SEC highlights proxy voting rules, guidance amid ESG debate
In a split vote the US regulator has approved guidance about asset managers’ responsibilities when using proxy advisory firms and the rules applicable to them.
The Securities Exchange Commission (SEC) was divided along political party lines to make for a three-to-two vote in support of the regulator’s pronouncements. These included an “interpretation” noting the SEC’s view that providing voting advice was “solicitation” under federal law and subject to anti-fraud rules.
The backdrop to the SEC’s intervention is a heated debate about the role of proxy advisory firms, which institutional investors use to help them vote shares – a typical service is the provision of voting recommendations.
Critics have argued they wield too much influence, are not transparent or accountable enough, and sometimes provide low quality work.
The SEC’s output on Wednesday was “commission guidance” rather than “staff guidance”, which some commentators said meant it had greater weight.
There are different interpretations of the extent to which the guidance contains new rules. Commissioner Hester Peirce, who has been critical about environmental, social and corporate governance (ESG) investing, said the regulator was “not building a new regulatory regime, but… explaining the contours of an existing one to help investment advisers and proxy advisers carry out their responsibilities”.
“Investment advisers” refers to fund managers in this context.
Commissioner Elad Roisman, who led the SEC’s work on this issue, said the regulator’s releases “reiterate the Commission’s views on the importance of investment advisers’ voting responsibly on behalf of their clients and the applicability of our proxy rules to proxy voting advice”.
According to a blog post from staff at ValueEdge Advisors, a US corporate governance advisory firm, the SEC had been under intense pressure from corporate interests, but their efforts had “almost completely failed”.
“Pretty much all the SEC did was remind proxy advisers to follow the laws already on the books,” ValueEdge Advisors wrote.
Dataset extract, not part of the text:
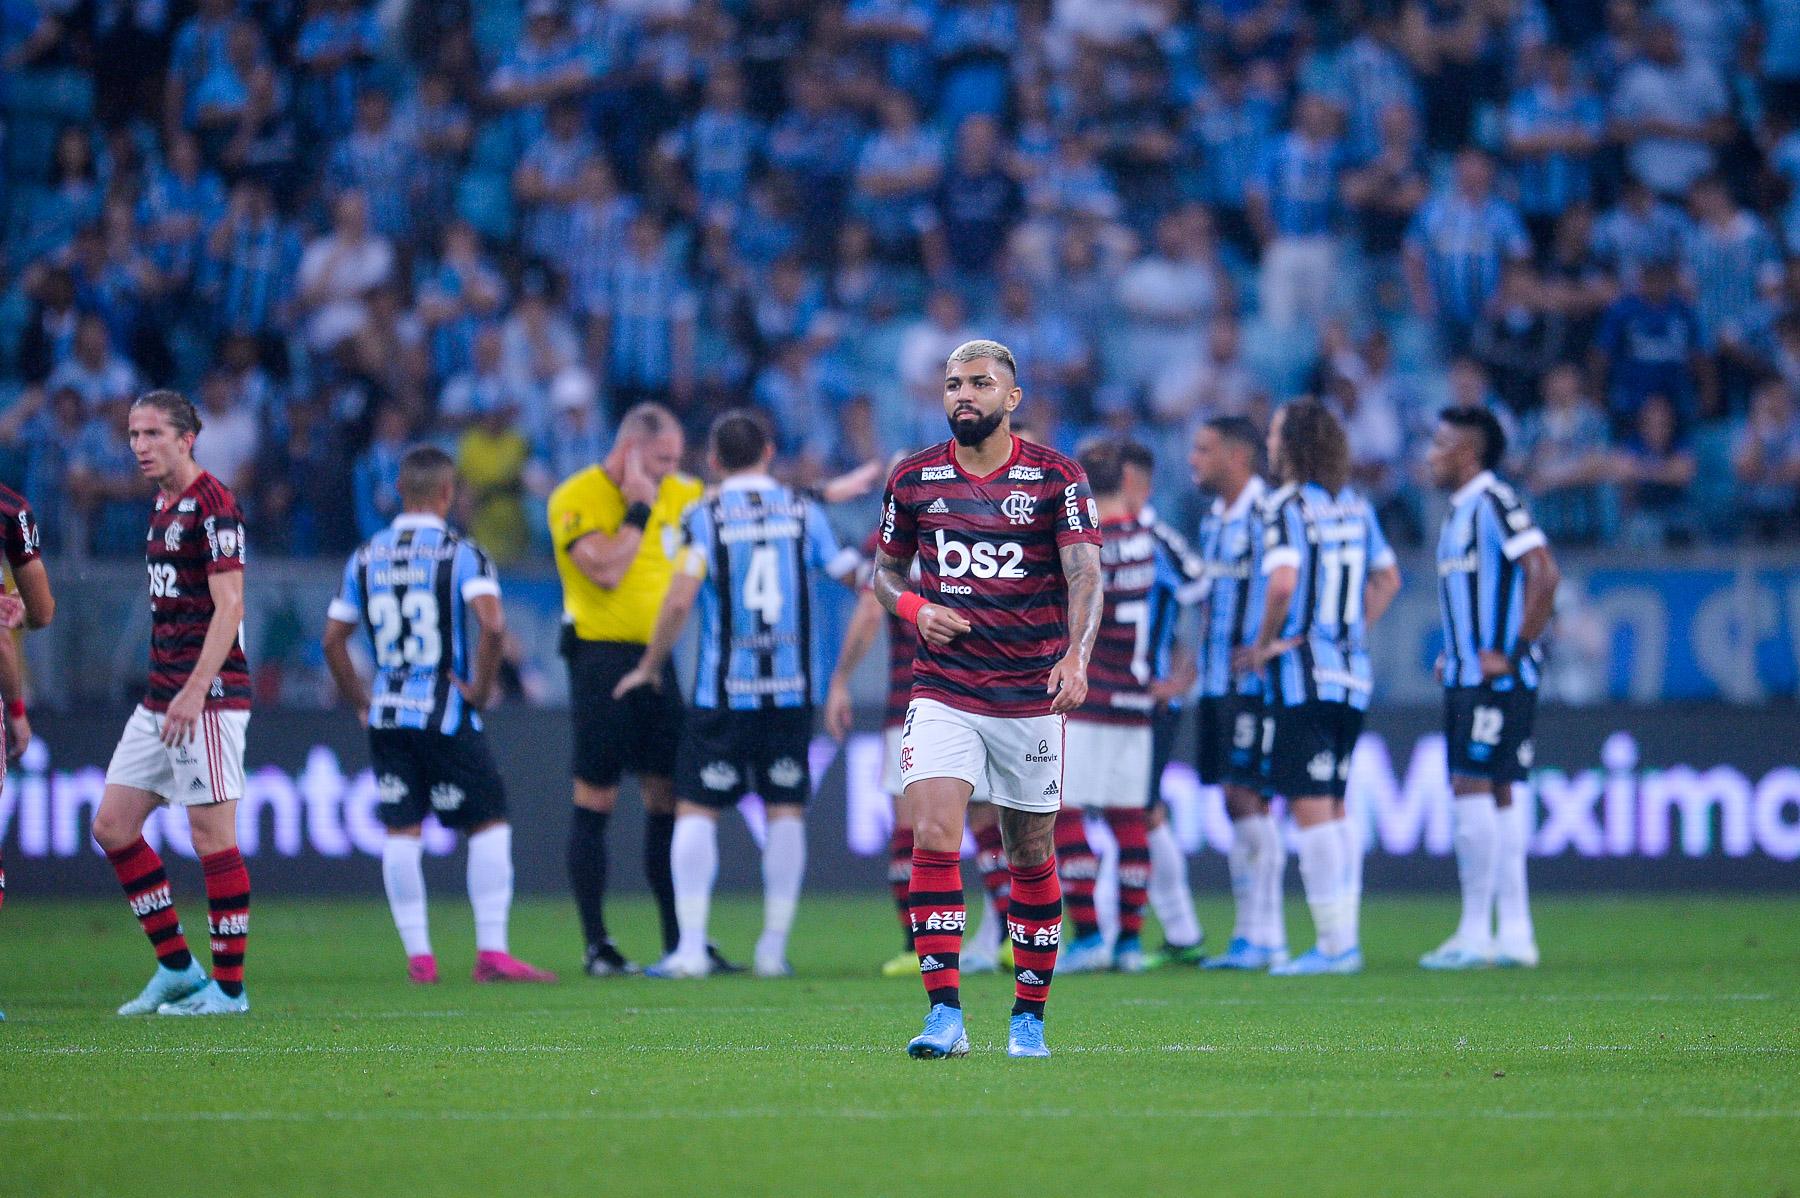 Gremio_X_Flamengo_dudabairros_Eleven_117

Threat to shareholder rights?
According to commissioner Allison Herren Lee, however, the regulator’s release contained “new substantive requirements – most notably increased issuer involvement in the proxy advisory firm’s process” and created “significant risks to the free and full exercise of shareholder voting rights”.
The Council of Institutional Investors (CII), a US asset owner association, said the SEC’s interpretation about the applicability of proxy solicitation rules to proxy advisers could be the first step towards a rule proposal.
“By making it clearer that the SEC sees proxy advisory firms as subject to proxy solicitation rules, this could give the SEC a stronger hook to place requirements on the firms later, which could be concerning,” it said in a statement.
Ken Bertsch, CII executive director, argued that “the commission should have put the new guidance and interpretation out for public comment”.
Sarah Wilson, chief executive at Minerva Analytics, a UK proxy advisory firm, said the SEC’s guidance “brings asset owners and asset managers back into the equation”.
She added: “The whole lobby that was aimed at the SEC from the Chamber of Commerce… you would have imagined that fund managers didn’t exist, by the way that they talked. It was all about shooting the messenger.”
Wilson said the SEC’s guidance was a sign of regulatory harmonisation, in that it reflected the requirements laid out in the revised EU Shareholder Rights Directive (SRD II).
“It’s not laid out the same way, but it captures the same issues about fiduciary responsibility, transparency, accuracy,” she said.
The timing of the SEC’s intervention was therefore helpful, according to Wilson, because asset managers operating in the EU had to revisit their policies anyway to meet new requirements.